One of the examples mentioned at the November 13 workshop was the joint venture between Statoil, Norway’s state-owned oil company, and the Norwegian independent power producer Scatec Solar to build a 162-megawatt solar power plant in Rio Grande do Norte.

“In Norway, we’re building more and more micro-grids for solar power. We aren’t building large solar power plants because of our relative lack of solar radiation. It’s much better to build huge plants in Brazil, like the Statoil-Scatec venture in Rio Grande do Norte. But we’re an energy nation, and we have accumulated significant know-how in renewables, including solar,” said Morten Dæhlen, Dean of the University of Oslo’s School of Mathematics & Natural Sciences. 

In addition to highlighting the two countries’ complementarity in both research and energy sources, the researchers who attended the workshop also stressed the importance of solar energy to modernization of the electricity industry.

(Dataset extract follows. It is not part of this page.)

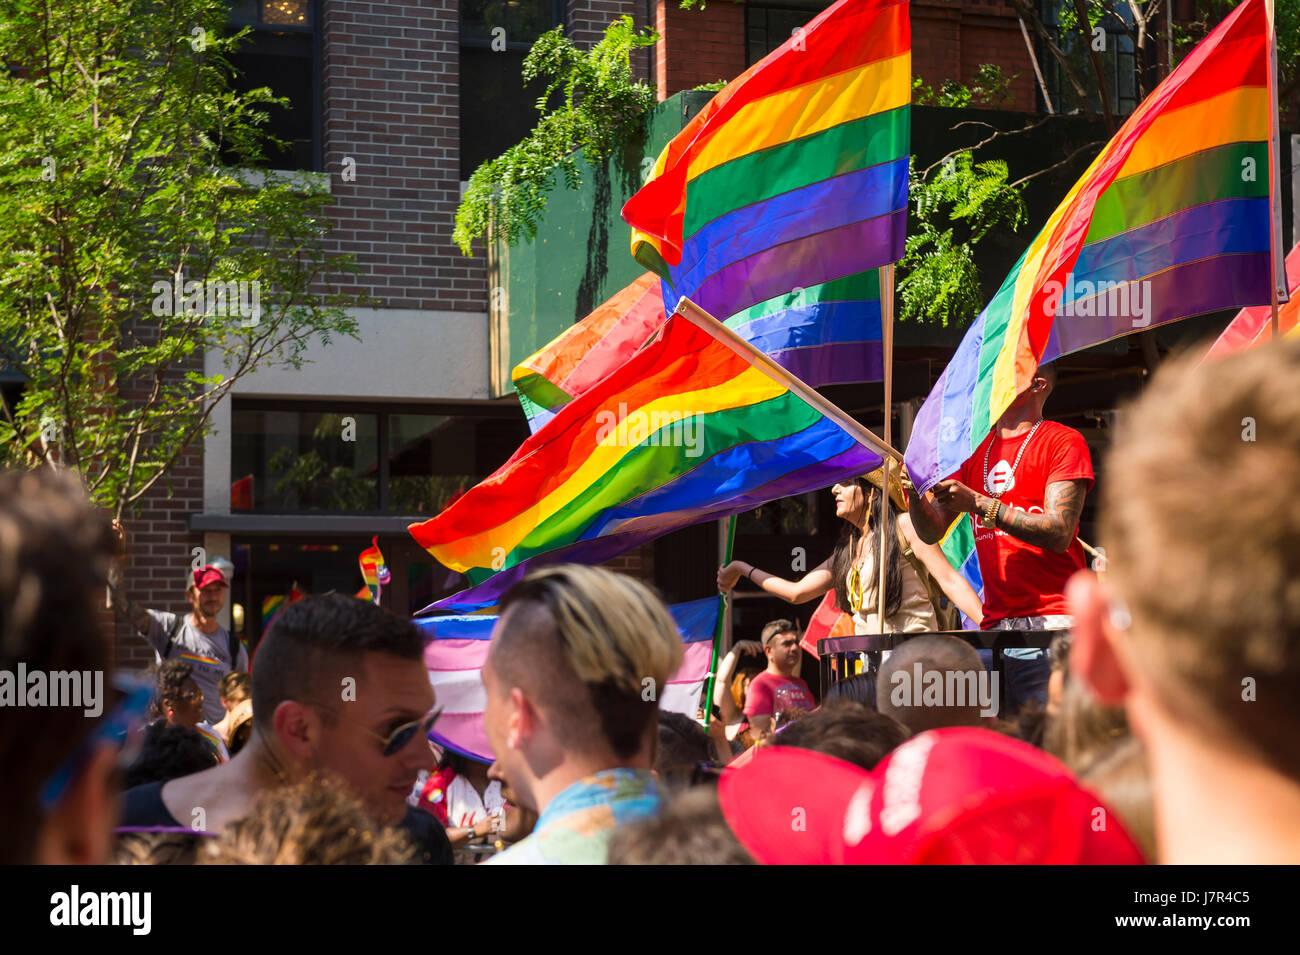 La CIUDAD DE NUEVA YORK - Junio 26, 2015: Los partidarios de onda banderas arcoiris al margen del Desfile del Orgullo Imagen De Stock
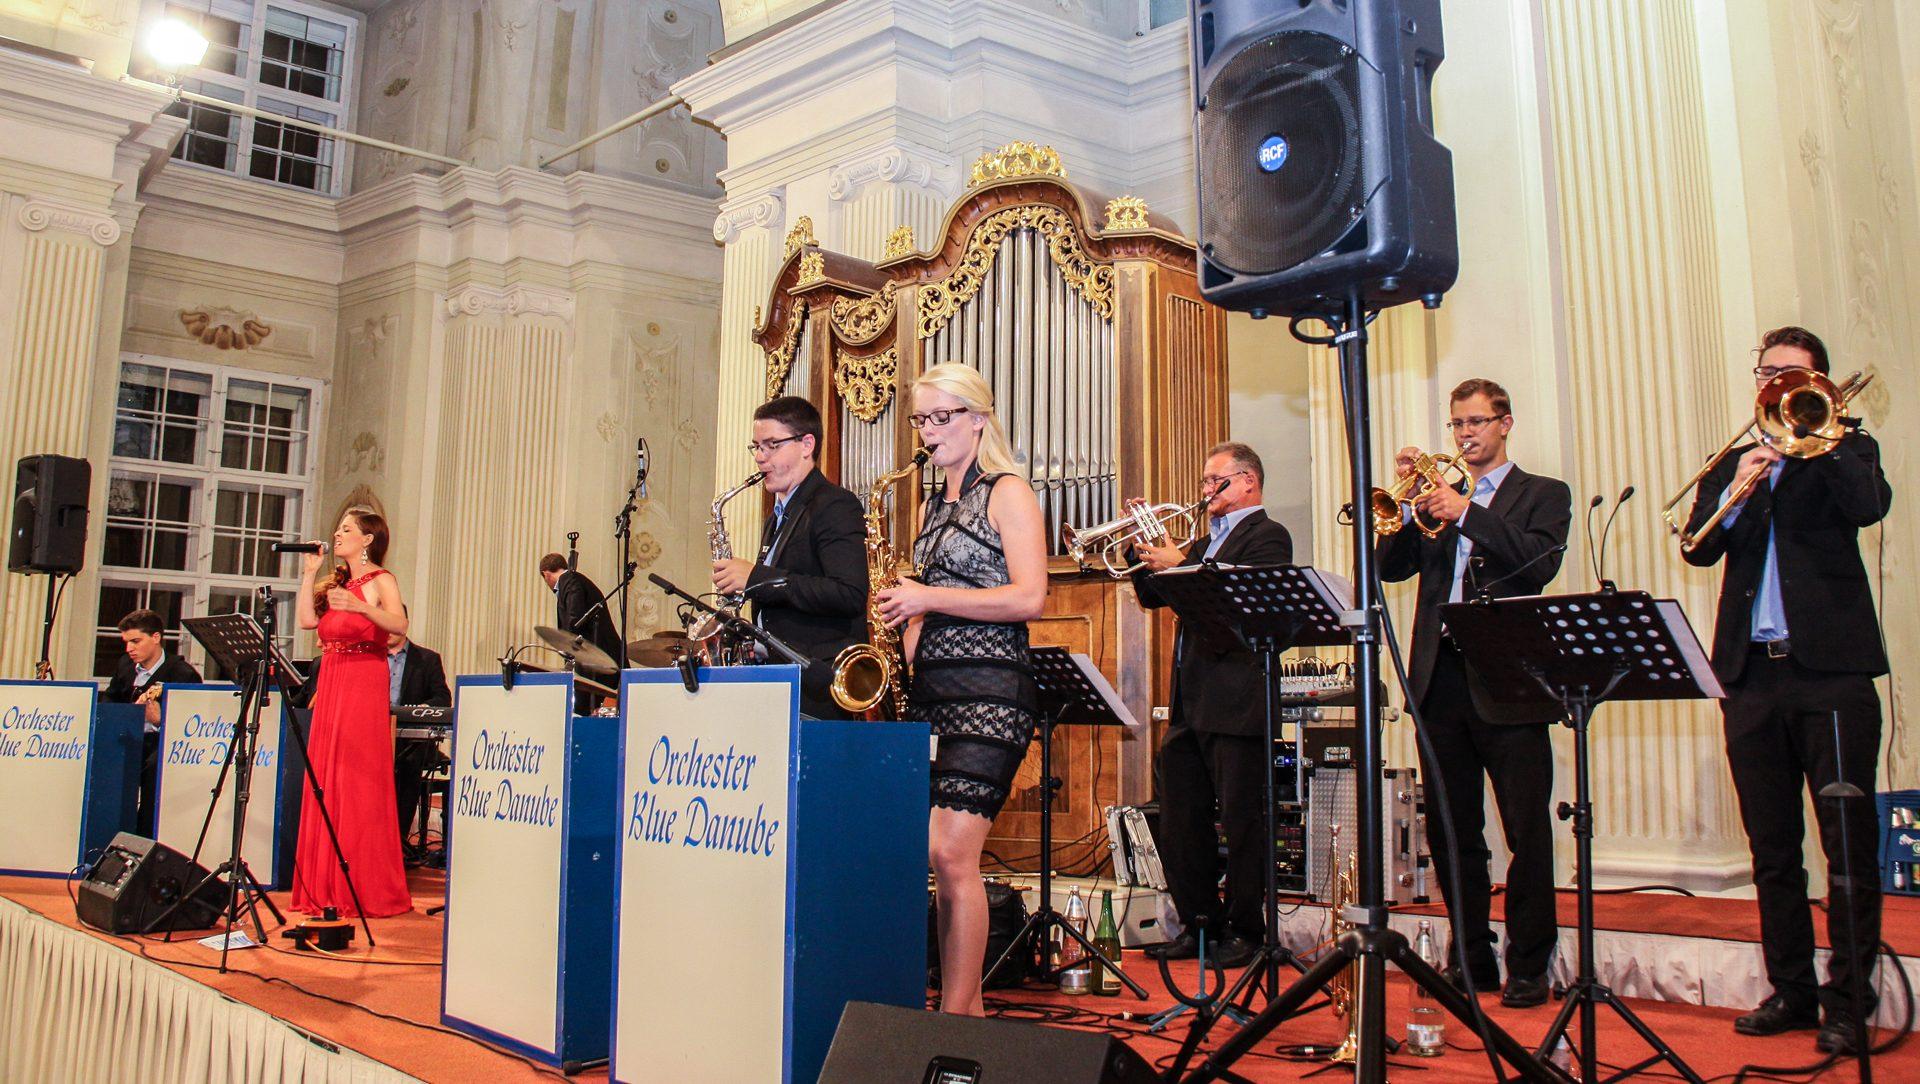 Orchester Blue Danube

“We’re accelerating the introduction of intelligent power grids. Brazil’s electricity system is still load-based, but with solar power and distributed generation [when a home generates surplus solar power and distributes it to neighbors, for example] the system can have loads that are also generators. The problem is that most of the utilities’ equipment can handle power flows only in one direction. If you switched direction at certain times of day, the grid would break down,” said Fernando Pinhabel Marafão, a professor at São Paulo State University (UNESP) in Sorocaba, São Paulo State.

According to Marafão, Brazil is not yet prepared for mass use of photovoltaic energy systems, although research in this field has made strides.

“We need to automate and install more advanced network equipment, as well as smart meters, sensors and reclosers. If distributed generation is to work, the entire electricity industry needs to be reviewed,” said Marafão, who has led a research project on smart grids in partnership with the Norwegian University of Science & Technology (NTNU) since June 2017. 

According to Dæhlen, only digitization of power generation and distribution driven by solar and smart grids will enable the world to achieve UN Sustainable Development Goal no. 7, on affordable and clean energy for all.

“We face many challenges,” Dæhlen said. “Only one of the 17 SDGs refers directly to energy, but achieving all the others also requires sustainable energy.”